Field types

I know that the following:

struct test{T<:Real}
    a::T
    b::T
end

is better than:

struct test
    a::Real
    b::Real
end

but why can’t I fully specify the field types like this:

struct test{T::Float64}
    a::T
    b::T
end

Wouldn’t this allow the compiler to optimize better?

I think you’re confusing optimization with how much typing you have to do. With your last example, you’ve effectively written:

struct test
    a::Float64
    b::Float64
end

That’s more typing, but it’s identical to what I think you want your example to mean so both would identical efficiency.

4 Likes

Well now I’m confused about why my first example allows for better optimization over the second.

In the first example, a and b have to be of the same concrete type, whereas in the second example, a and b can be different concrete types (as long as they’re both subtypes of Real)

Your first example creates an infinite family of types – one for each value of T. For example, when T === Float64, your first example creates the equivalent of:

struct test
    a::Float64
    b::Float64
end

Your second example instead is exactly:

struct test
    a::Real
    b::Real
end

So one type has concretely typed fields (of type Float64) and the other has non-concretely typed fields (of type Real).

3 Likes

So the compiler doesn’t need to know what the exact concrete type is a priori, just which fields have the same concrete types

No, the fact that there are two fields in this struct is a total distraction. The same problem is present in

struct test
    a::Real
end

which is different from

struct test{T <: Real}
    a::T
end 
6 Likes

Depends what “a priori” means since Julia isn’t statically typed. In the sequence of lines of code below, the exact types are known when an object is created:

julia> struct test{T <: Real}
       a::T
       B::T
       end

julia> test(1.0, 2.0)
test{Float64}(1.0, 2.0)

I strongly recommend reading Types · The Julia Language and Types · The Julia Language

I have. I’ll re-read it though.

So for the following struct:

struct NS
    nParticles:: Int64
    setSize:: Int64
    l:: Int64
    boxSize:: Float64
    energies:: Array{Float64,1}
    activeSet:: Array{SVector{2,Float64},2}

end

should be re-written to:

struct NS{T <: Real,S <: Real}
    nParticles:: T
    setSize:: T
    l:: T
    boxSize:: S
    energies:: Array{S,1}
    activeSet:: Array{SVector{2,S},2}

end

There is no efficiency gain from that change, you’ve just increased the number of valid types that can be bound to T and S. The first example is also somewhat broken: you have T and S parameters, but they’re never used.

2 Likes

So basically what’s going on here is that when you have

struct test
    a::Real
end

then any time julia wants to look inside a test object, it has no idea what it’s going to get out, all it knows is that the data it gets will be a subtype of Real, but subtypes of Real could have any memory layout imaginable, and any set of methods defined for them, so there are essentially no optimizations that can be performed until Julia actually unpacks the struct itself and looks at the concrete type.
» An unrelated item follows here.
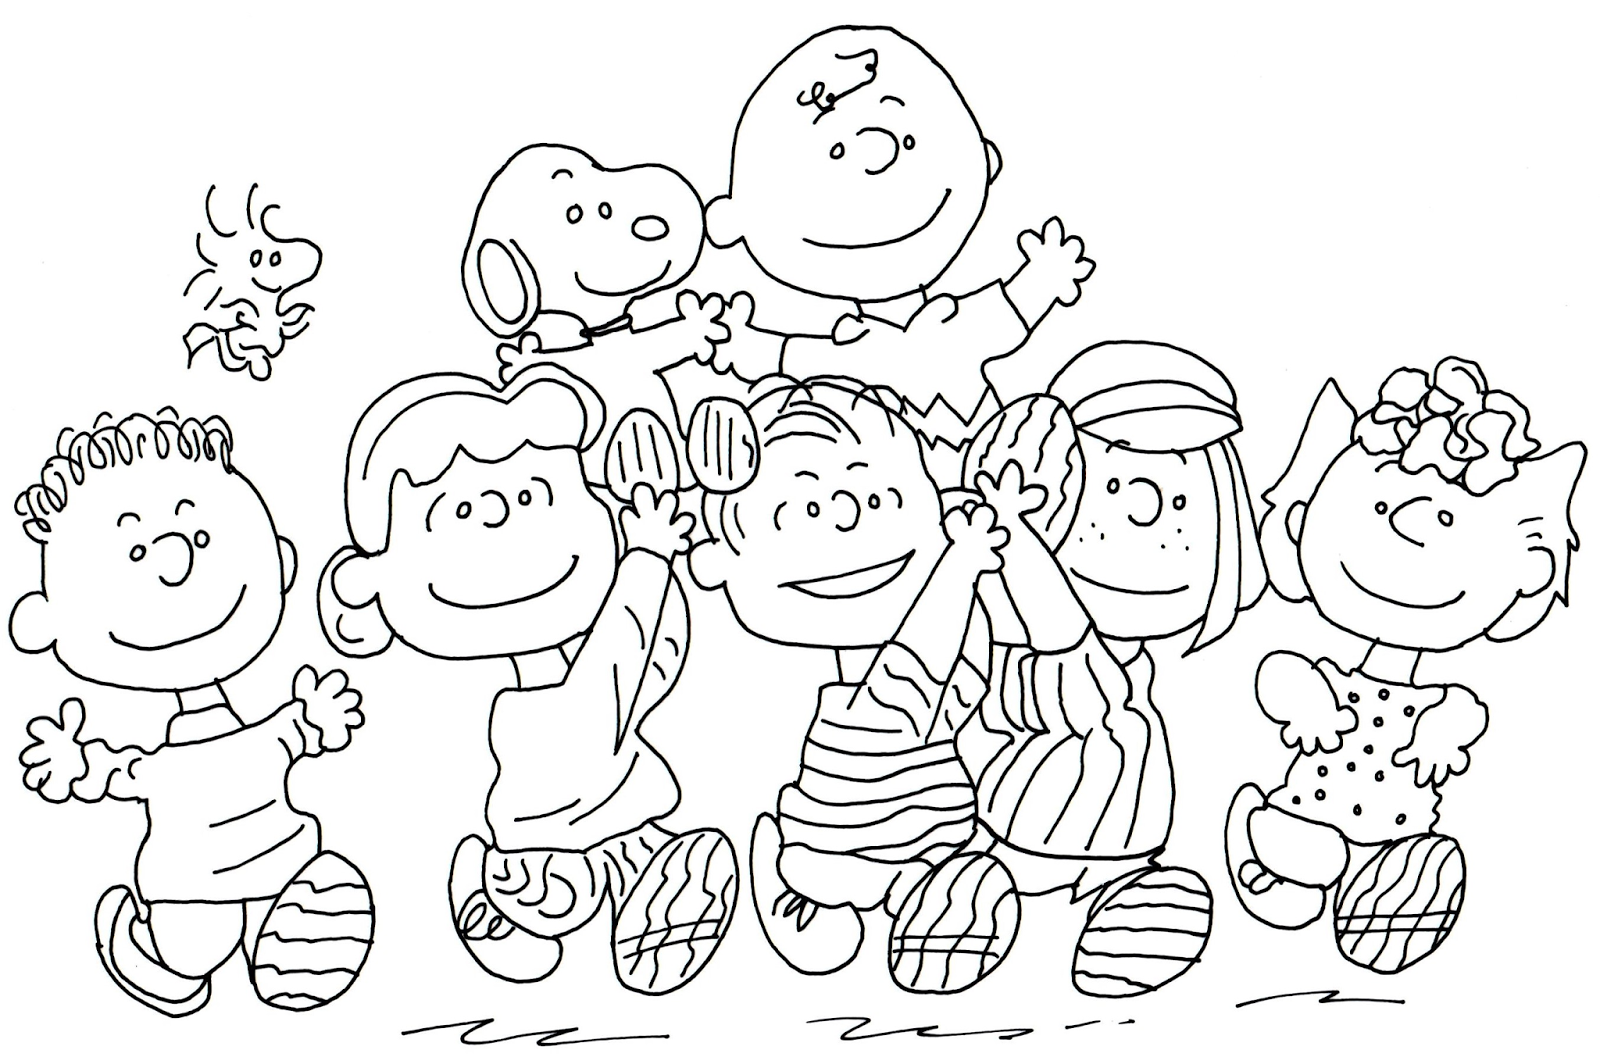 Free Charlie Brown Snoopy and Peanuts Coloring Pages: Free ...

On the other hand, when you write

struct Test{T <: Real}
    a::T
end

then a Test(1) has a different type from a Test(1.0) (that is, Test{Int} vs Test{Float64}) and that information can be used to do concrete optimizations because the memory layout is thus fixed forever, and the methods on Int and Float64 are fixed in a given worldage.

10 Likes

Writing

struct Test{T}
   a::T
end

can basically just be thought of as convenient syntax for writing

struct TestInt
    a::Int
end
struct TestFloat64
   a::Float64
end
struct TestReal
   a::Real
end
...

for every single possible subtype of Real. The parameters basically just let us easily define a group of implicitly defined types. Test{Int} and TestInt have all the same properties, Test{Int} is just easier to work with.

2 Likes

So what is the proper way to build this struct?

That depends entirely on what you want it to hold. Do you only want to store Float64 data? then your first example is fine (once you remove the unnecessary type parameters). Do you want to be able to efficiently store any types T <: Real and S <: Real? Then use the second.

1 Like

But in the second case the types of the fields can be inferred from the type of the wrapper object (from performance tips in the manual).

So even

struct test{T}
    a::T
end

would be better than:

struct test
    a::Float64
end

right?

No. There are two orthogonal concepts here:

  1. Using a parametric type instead of manually creating multiple similar types.
  2. Minimizing the use of abstract types for efficiency.

Let’s consider three code options:

Option A: Manually write out multiple types

struct TestInt64
    a::Int64
end

struct TestFloat64
   a::Float64
end

Option B: Use a parametric type

struct Test{T <: Real}
    a::T
end

Option C: Use a single type with abstract fields

struct Test
    a::Real
end

There is no difference in efficiency between A and B – the question is whether you create a lot of redundant types or a single parametric type.

There is an efficiency improvement between B and C – for any given type under Real, B creates a new “customized” struct type that has a concrete field, whereas C reuses the same inefficient struct type every time.

8 Likes

It’s ‘better’ in that it can store any type. But if you’re only wanting to strore Float64, then it’s the exact same.

That is, if you have

struct Test1{T}
    a::T
end 

struct Test2
    a::Float64
end

then Test1(1.0) is basically the exact same thing as Test2(1.0).

1 Like